The final sample included 129,938 patient entry events in the planned admissions. The Extreme Gradient Boosting (XGB) model achieved the best performance in binary classification for predicting an LoS of 7 days or longer, with an AUROC of 0.891 (95% CI 0.887-0.894) and an AUPRC of 0.819 (95% CI 0.813-0.826) on the internal test set. The Light Gradient Boosting (LGB) model performed the best in the multiclassification for predicting an LoS of 3 days or more, with an AUROC of 0.901 (95% CI 0.898-0.904) and an AUPRC of 0.770 (95% CI 0.762-0.779). The most important features contributing to the models were the operation performed, frequency of previous outpatient visits, patient admission department, age, and day of admission. The RF model showed robust performance in the external validation set, achieving an AUROC of 0.804 (95% CI 0.802-0.807).
The use of the OMOP CDM in predicting hospital LoS for planned admissions demonstrates promising predictive capabilities for stays of varying durations. It underscores the advantage of standardized data in achieving reproducible results. This approach should serve as a model for enhancing operational efficiency and patient care coordination across health care settings.
准确预测医院住院时间(LoS)有助于实现资源的有效管理。
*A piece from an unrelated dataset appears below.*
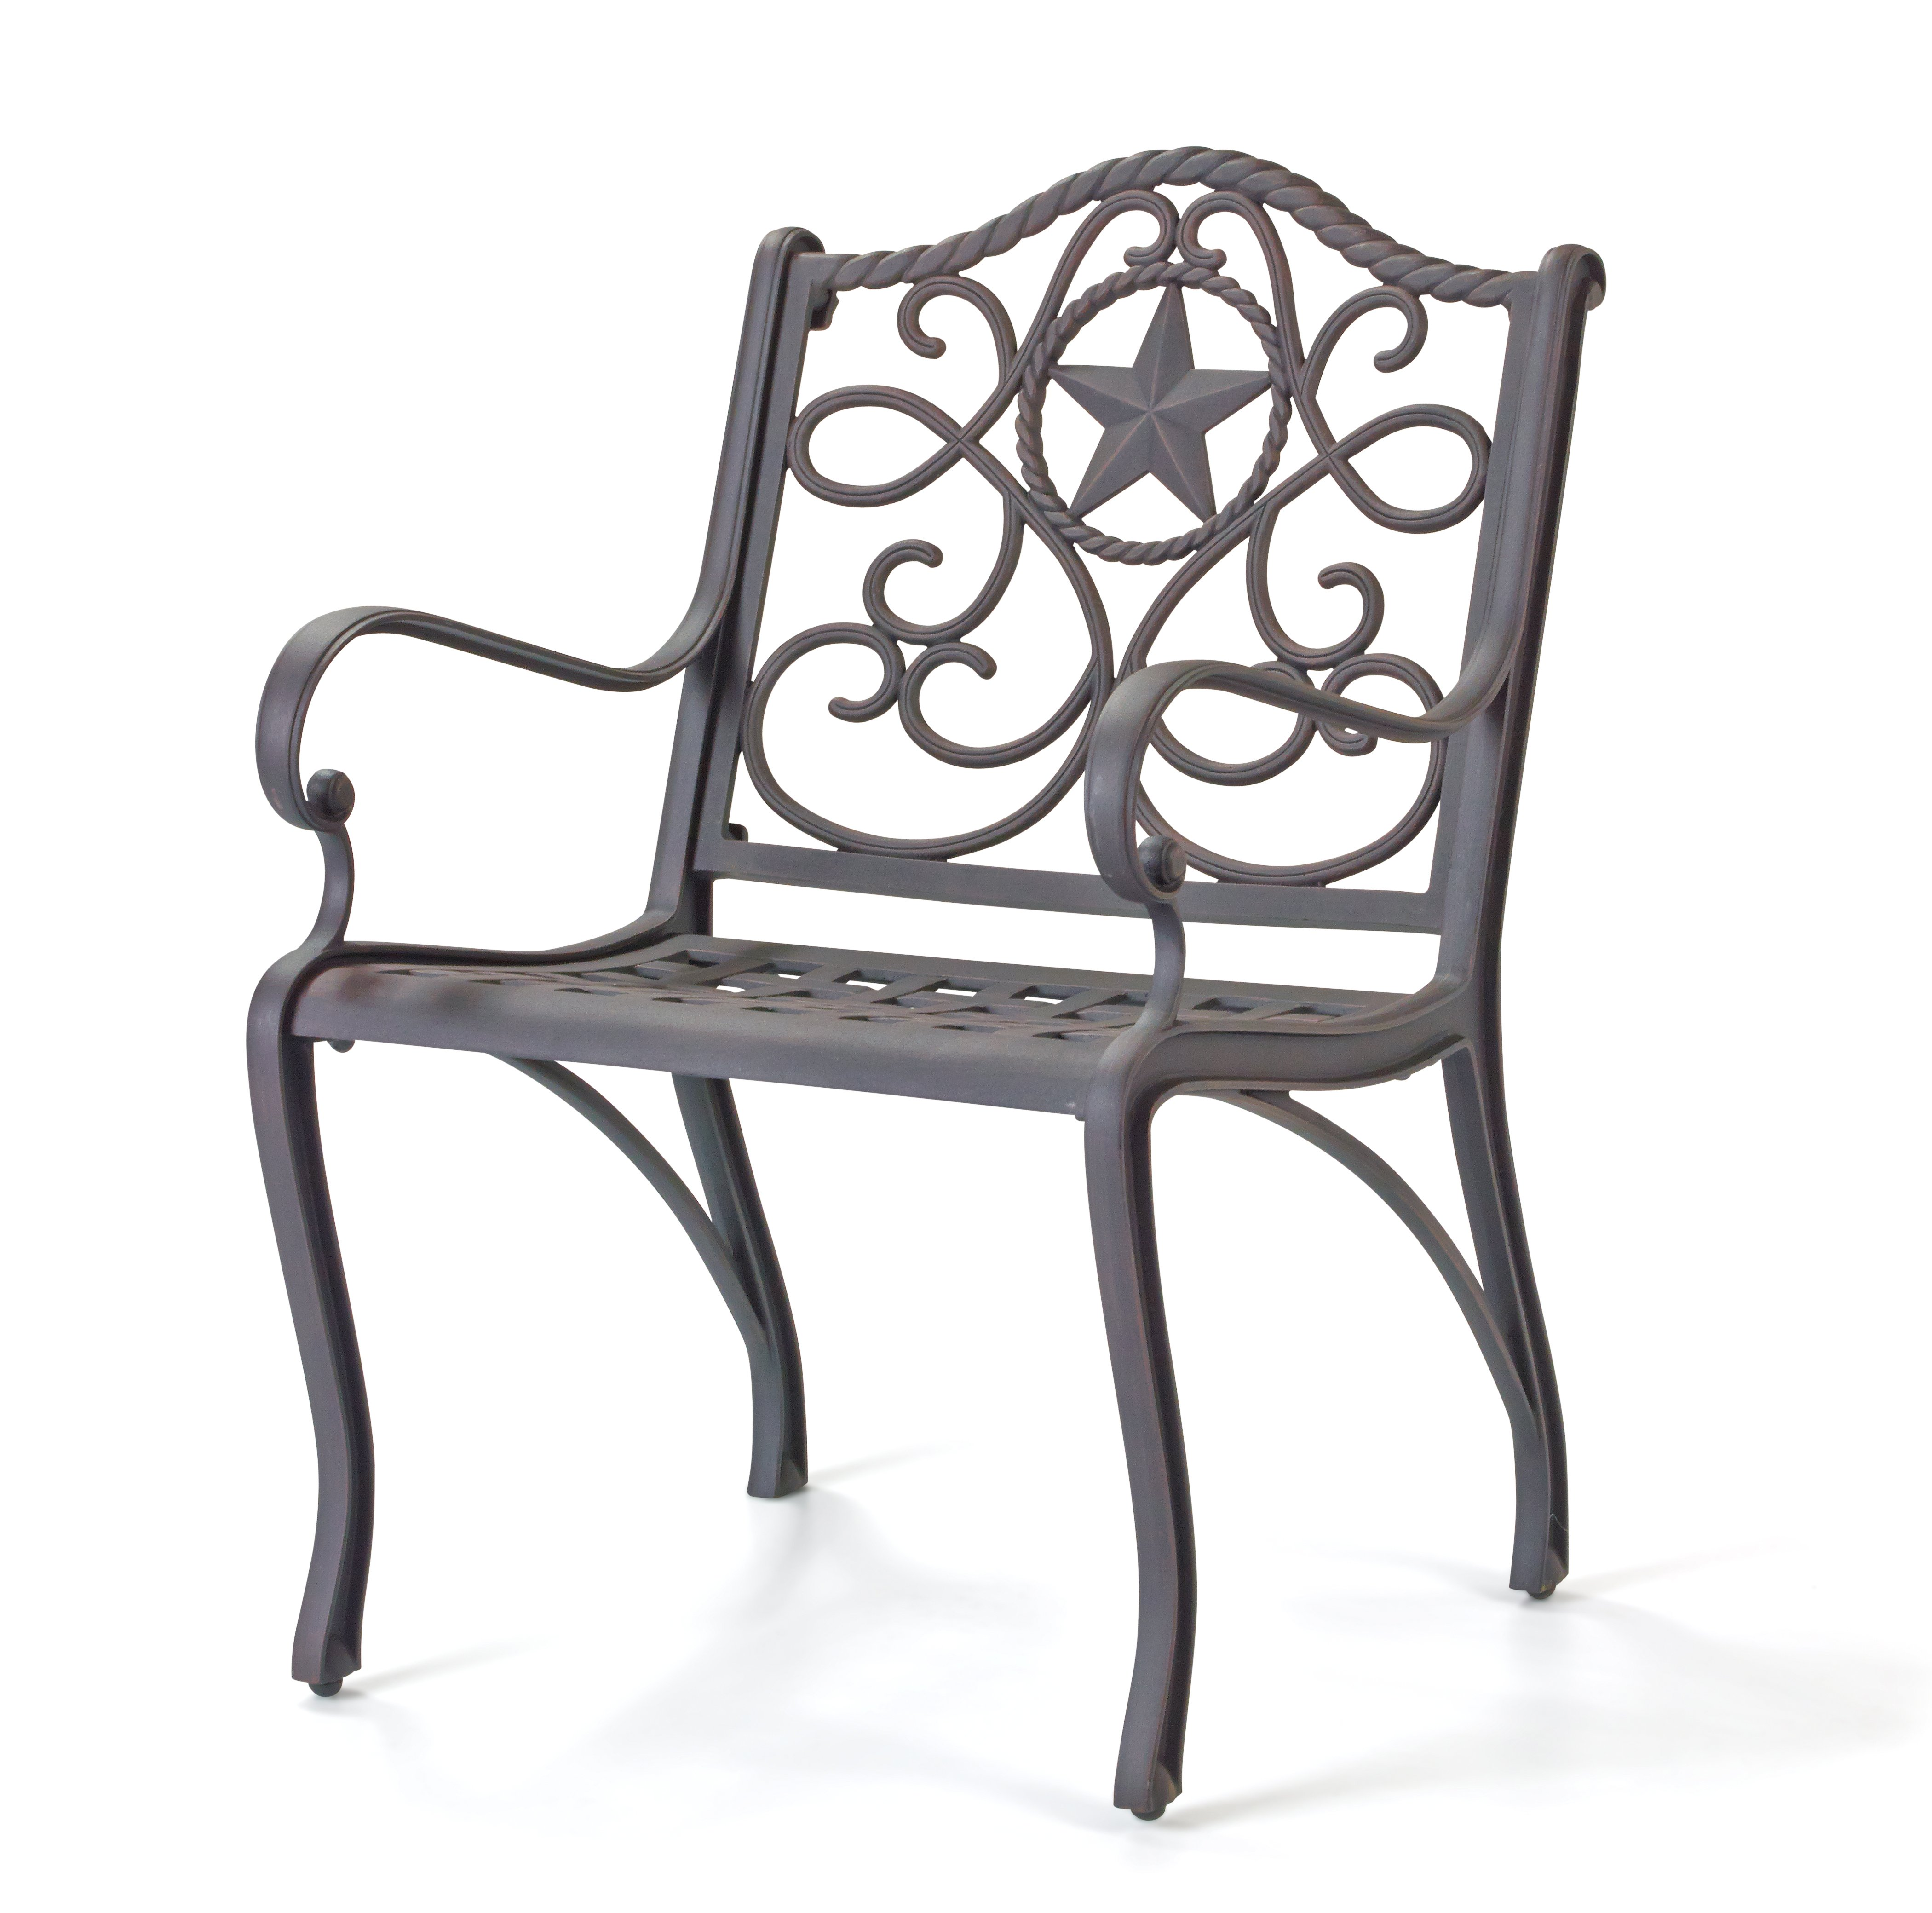 Hu2011Eu2011B Riata III Dining Chair U2011 Shop Furniture At HEB

当应用于普通人群时,传统的LoS 预测模型由于其有限的协变量和非标准化数据,其可重复性有限。
本研究旨在利用 Observational Medical Outcomes Partnership 通用数据模型(OMOP CDM)开发和验证一种基于机器学习(ML)的计划入院患者的 LoS 预测模型。
回顾性患者水平预测模型使用来自韩国首尔国立大学盆唐医院(SNUBH)的电子健康记录(EHR)数据,这些数据已转换为 OMOP CDM(版本 5.3)。研究包括 2016 年 1 月至 2020 年 12 月期间的 137437 例住院病例。分析中包括来自患者、疾病发生、药物、观察、测量、程序和就诊发生表的协变量。为了进行特征选择,我们在逻辑回归中应用了 Lasso 正则化。主要结局是 LOS 为 7 天或更长,次要结局是 LOS 为 3 天或更长。使用 6 种 ML 算法开发预测模型,训练集和测试集的比例为 7:3。根据受试者工作特征曲线下面积(AUROC)和精度-召回曲线下面积(AUPRC)评估每个模型的性能。Shapley Additive Explanations(SHAP)分析衡量特征的重要性,而校准图评估预测模型的可靠性。在独立机构首尔国立大学医院进行了开发模型的外部验证。
最终样本包括计划入院的 129938 例患者入院事件。在预测 7 天或更长的 LOS 的二进制分类中,极端梯度提升(XGB)模型的表现最佳,内部测试集的 AUROC 为 0.891(95%CI 0.887-0.894),AUPRC 为 0.819(95%CI 0.813-0.826)。在预测 3 天或更长的 LOS 的多类分类中,Light Gradient Boosting(LGB)模型的表现最佳,AUROC 为 0.901(95%CI 0.898-0.904),AUPRC 为 0.770(95%CI 0.762-0.779)。对模型贡献最大的特征是手术、门诊就诊频率、患者入院科室、年龄和入院日。RF 模型在外部验证集中表现稳健,AUROC 为 0.804(95%CI 0.802-0.807)。
使用 OMOP CDM 预测计划入院患者的医院 LOS 显示出对不同持续时间的住院具有有前景的预测能力。这突显了标准化数据在实现可重复结果方面的优势。这种方法应该成为提高医疗保健环境中运营效率和患者护理协调的典范。